■ GIVEN RECORDS
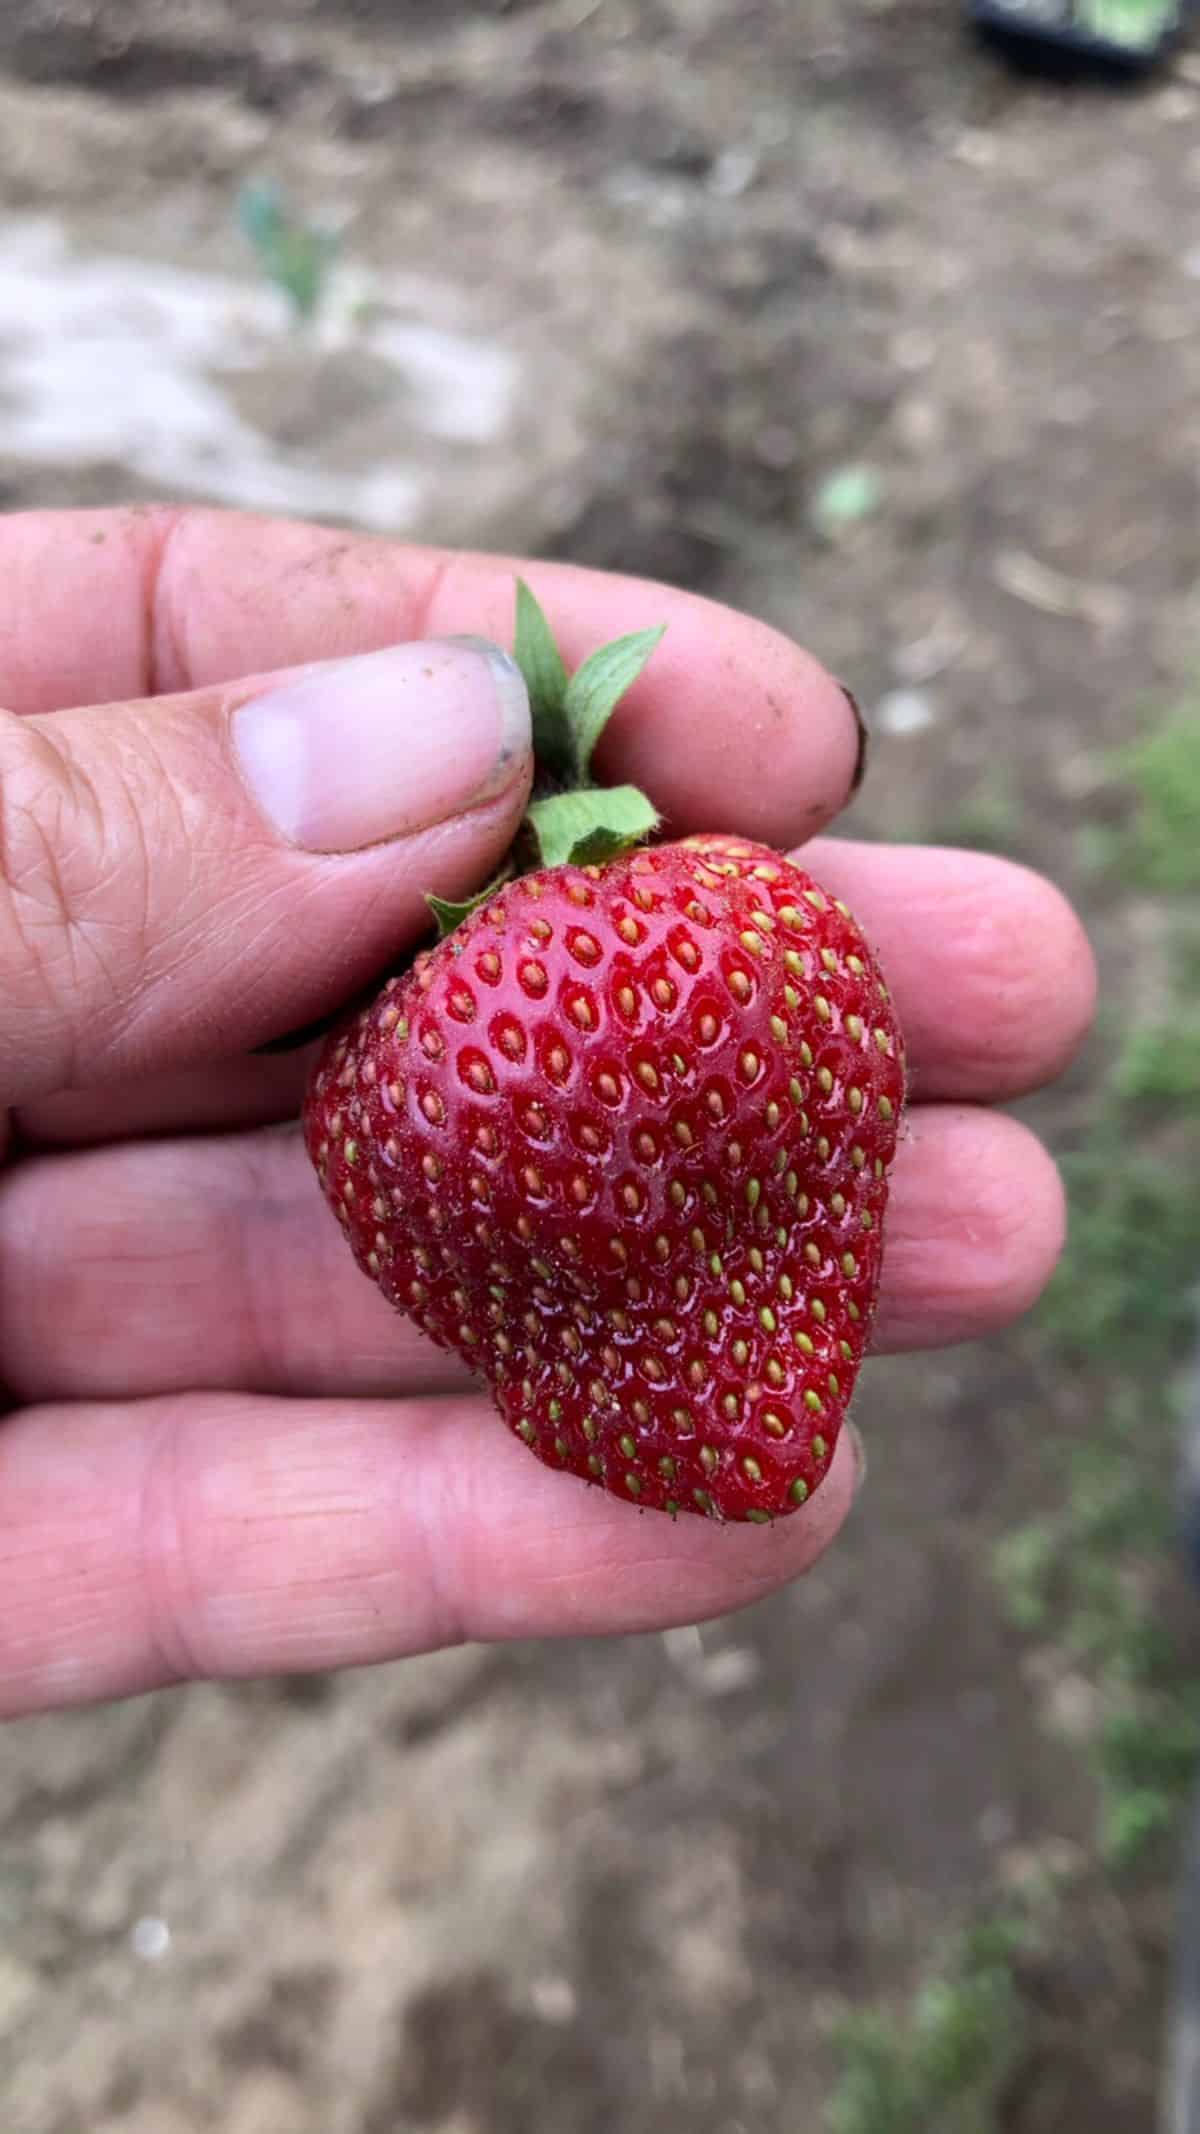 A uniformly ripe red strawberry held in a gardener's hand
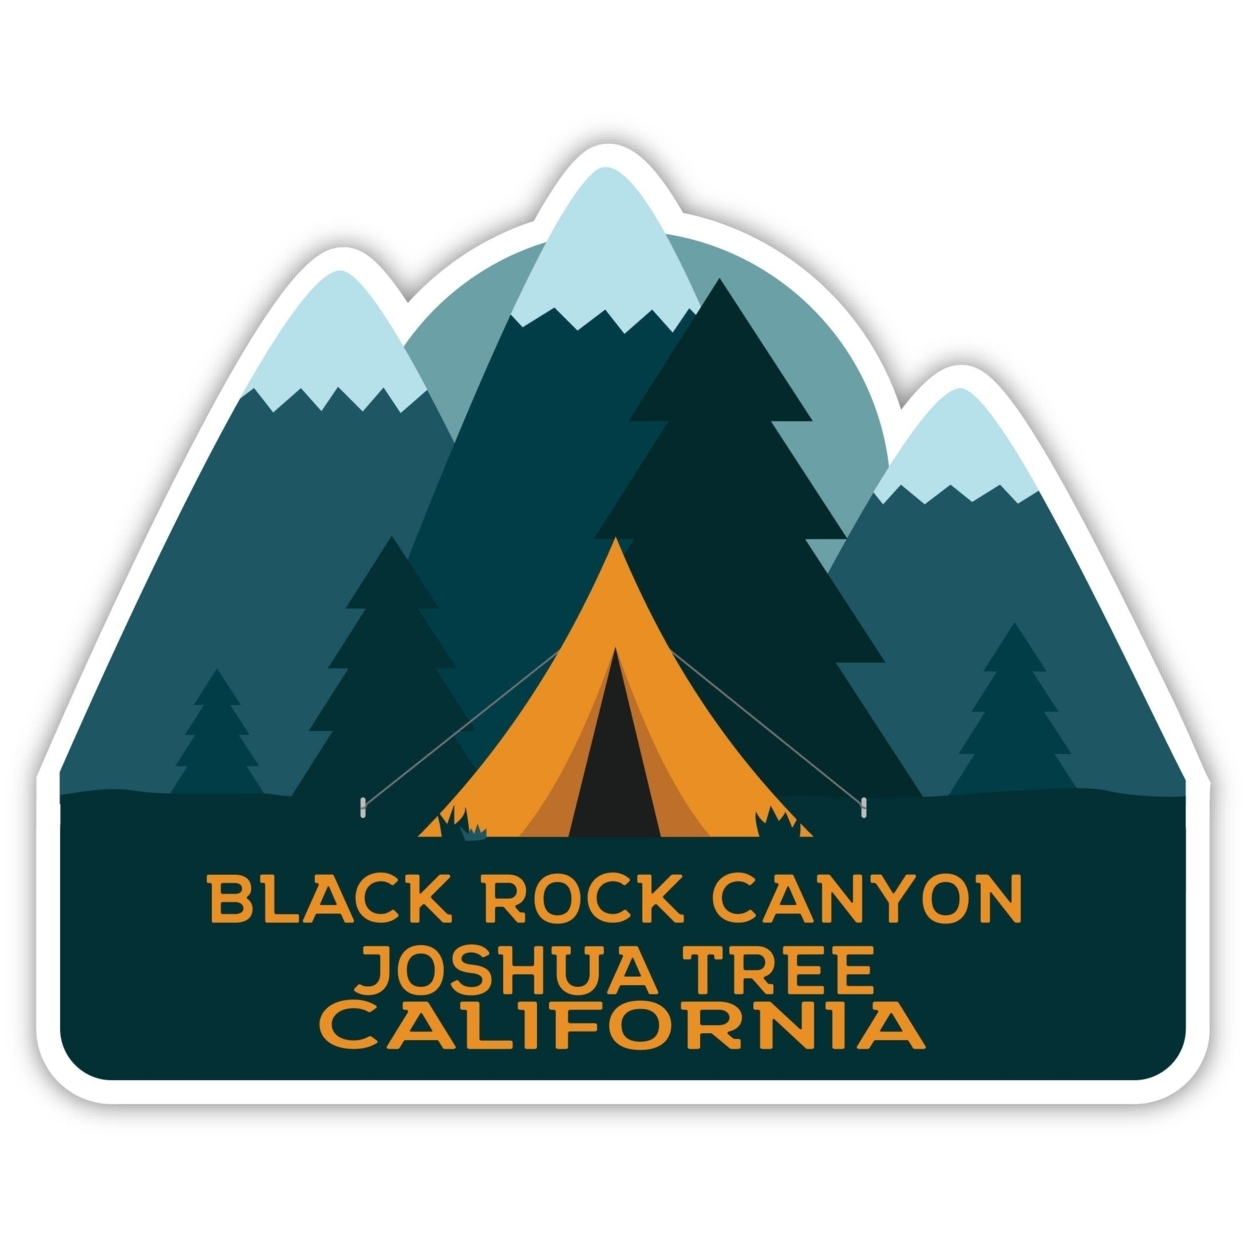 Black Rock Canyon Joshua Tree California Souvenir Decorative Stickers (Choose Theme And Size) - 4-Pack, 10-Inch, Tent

--

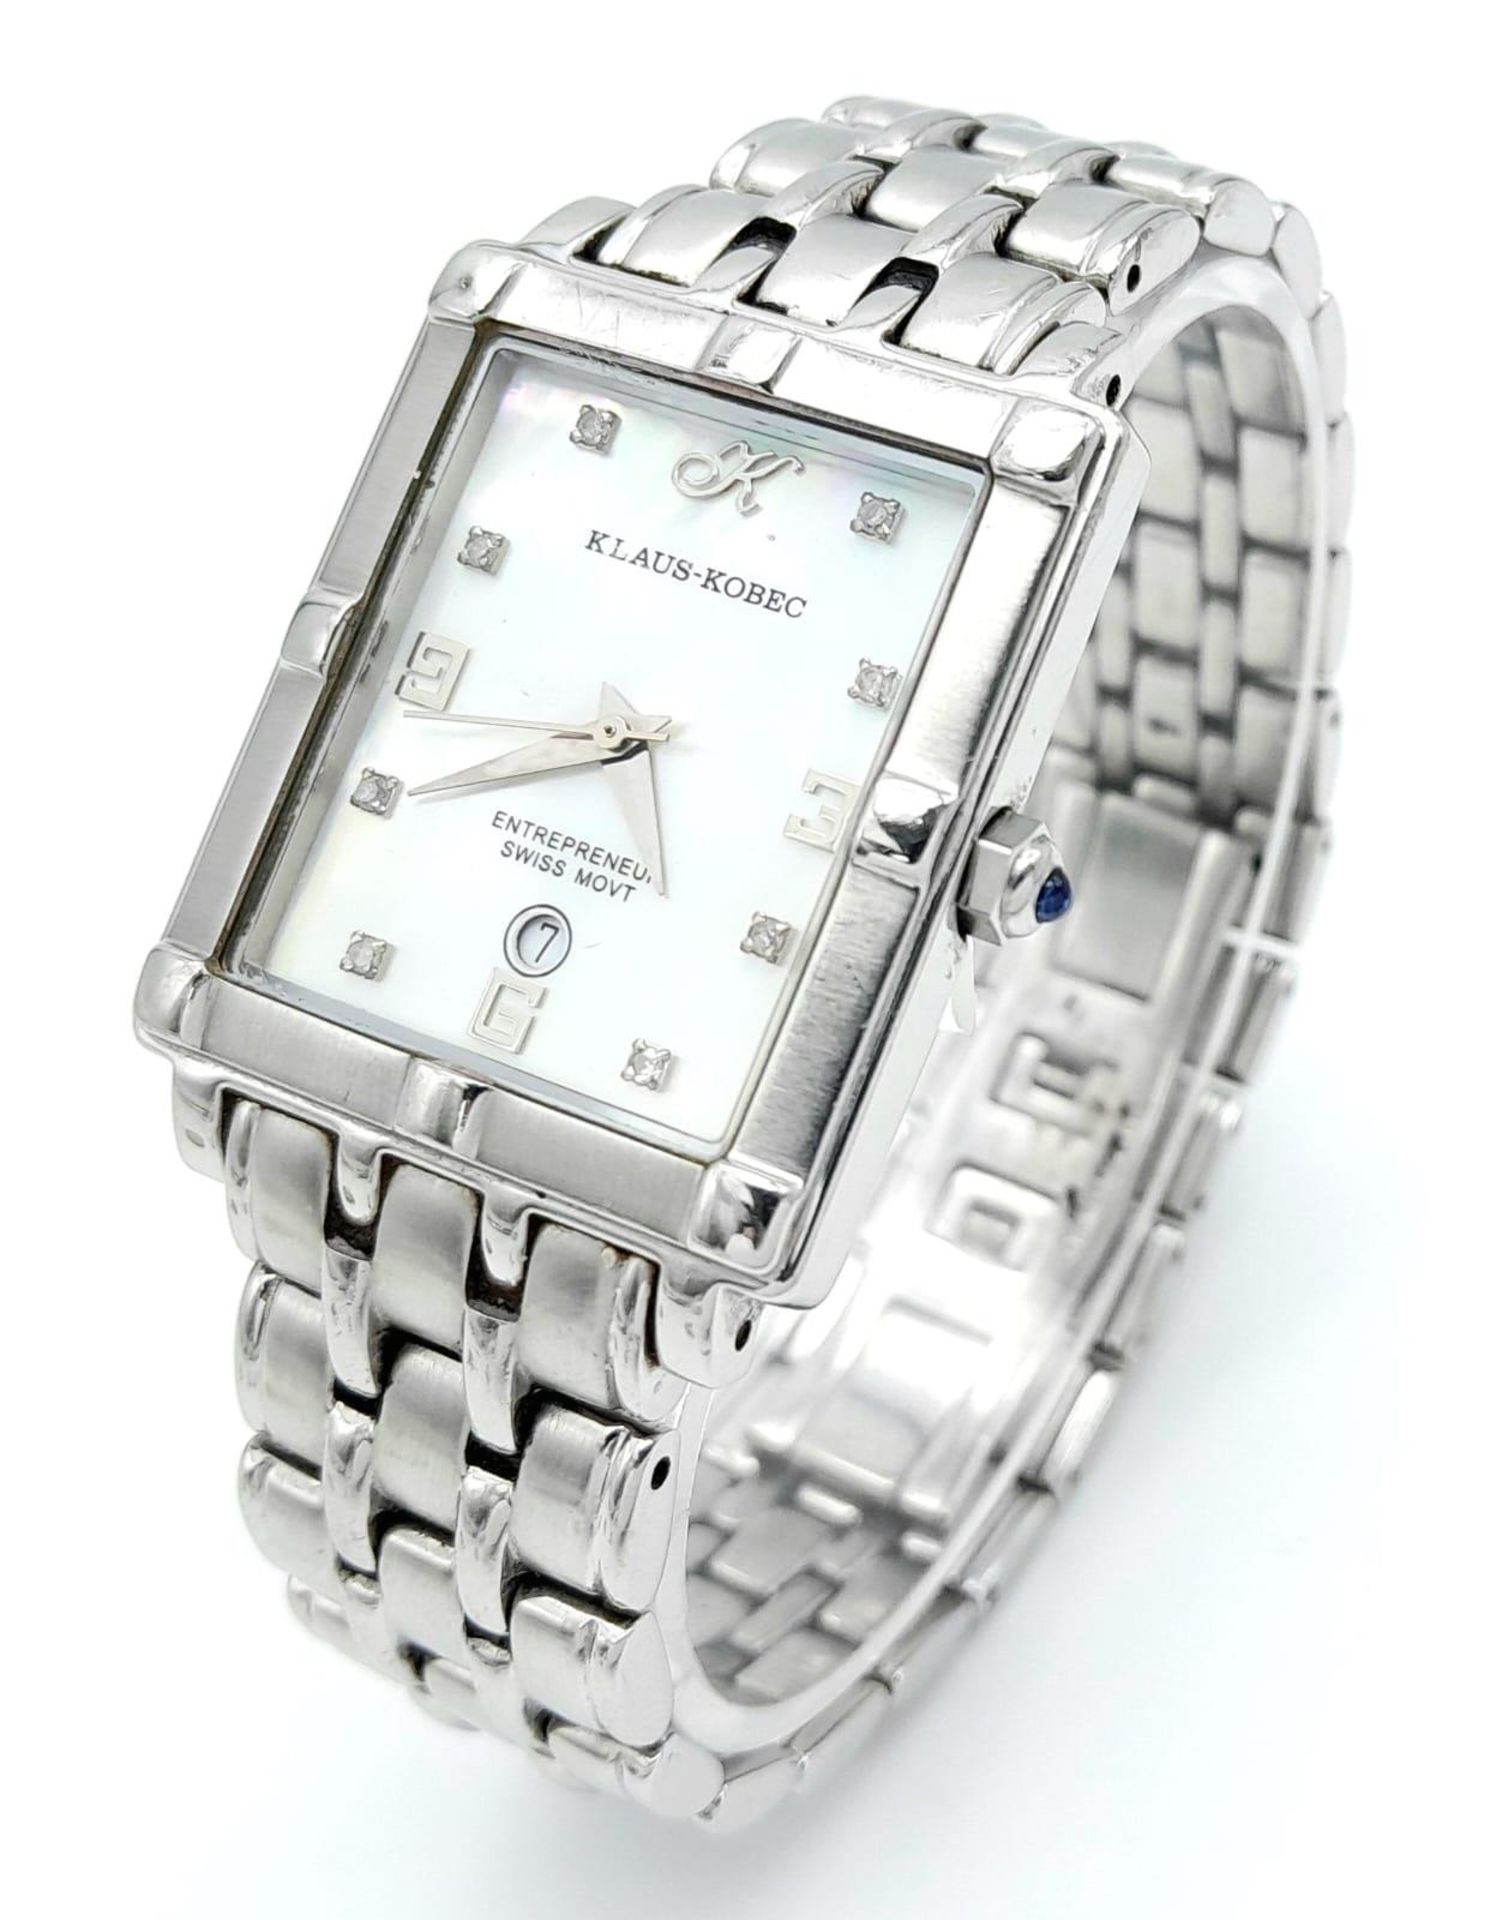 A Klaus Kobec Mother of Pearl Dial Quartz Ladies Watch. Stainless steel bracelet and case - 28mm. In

--

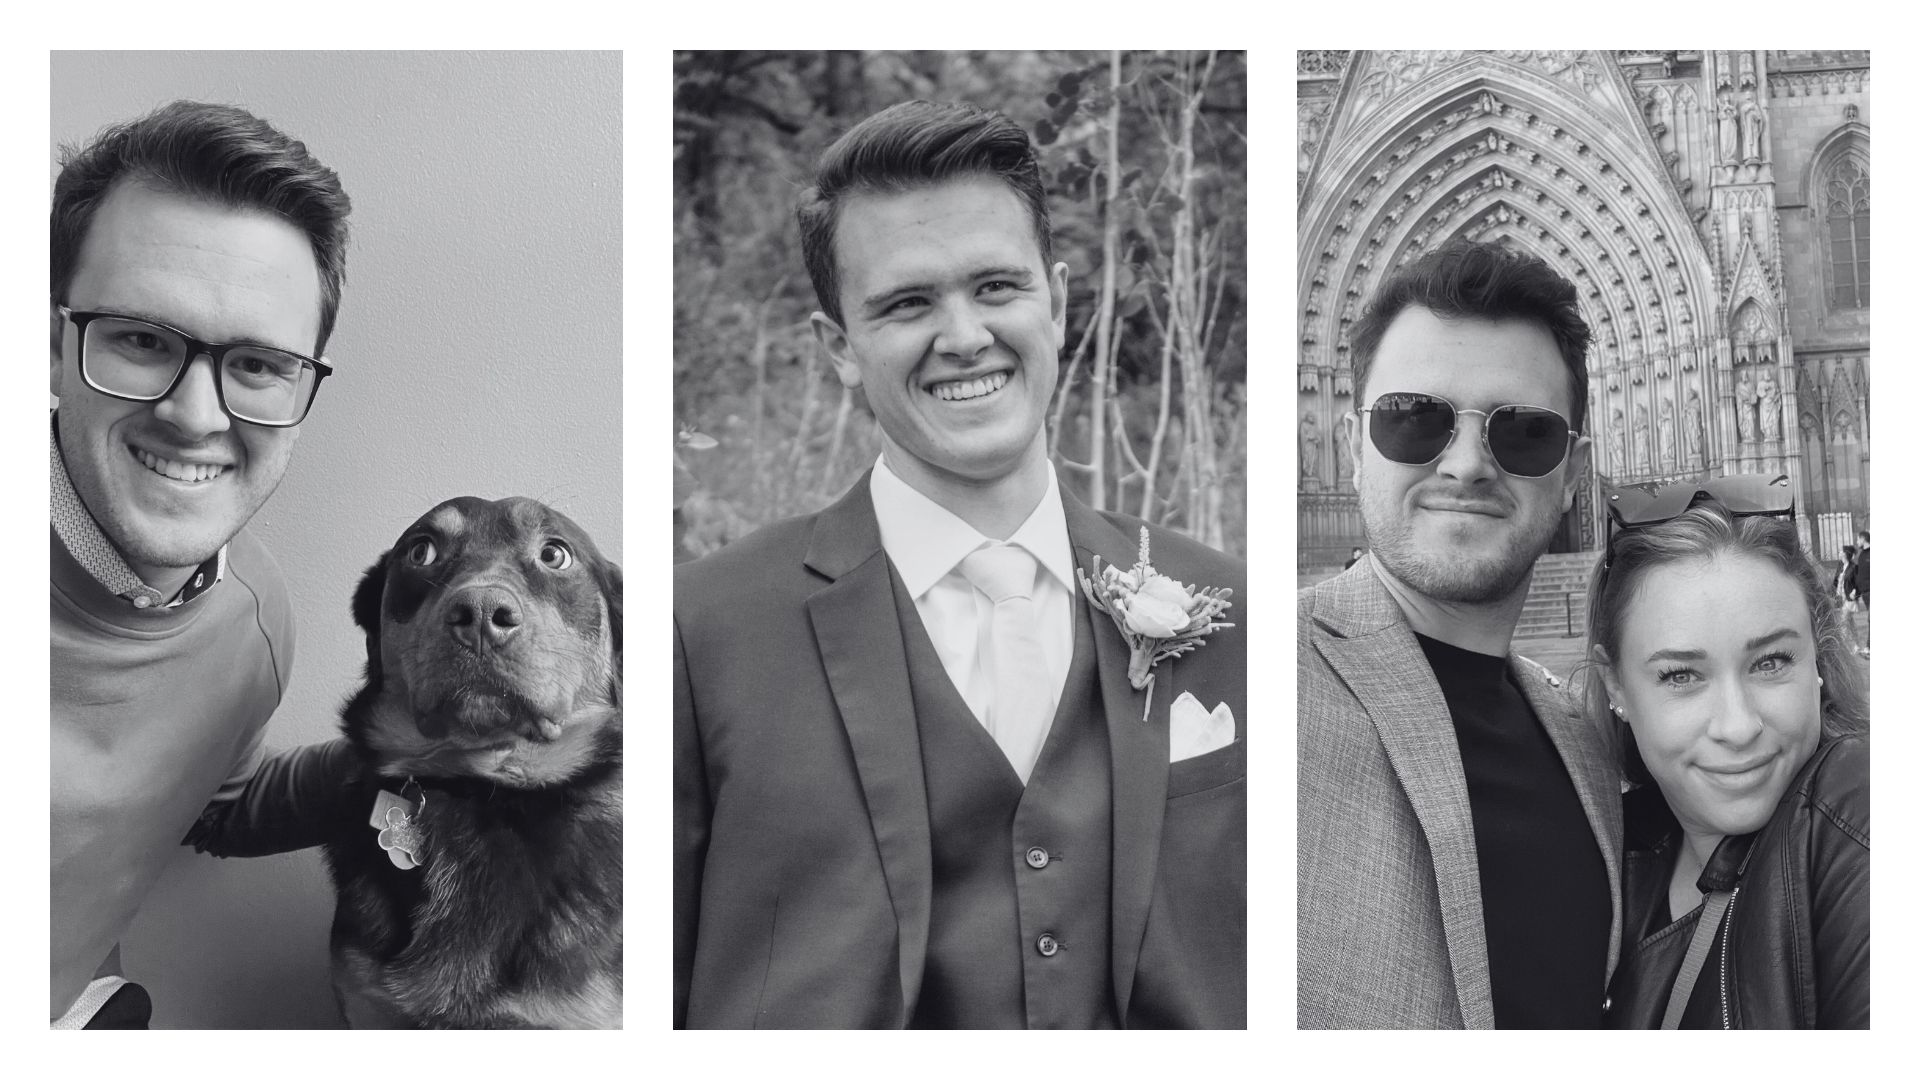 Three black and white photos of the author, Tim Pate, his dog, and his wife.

■ PROBLEM DETAILS
Using the records above, repeat exactly the run of lines that starts with the line with "A uniformly ripe" and goes on through the line with "Black Rock Canyon"; omit each picture.

■ EXPECTED ANSWER
 A uniformly ripe red strawberry held in a gardener's hand
 Black Rock Canyon Joshua Tree California Souvenir Decorative Stickers (Choose Theme And Size) - 4-Pack, 10-Inch, Tent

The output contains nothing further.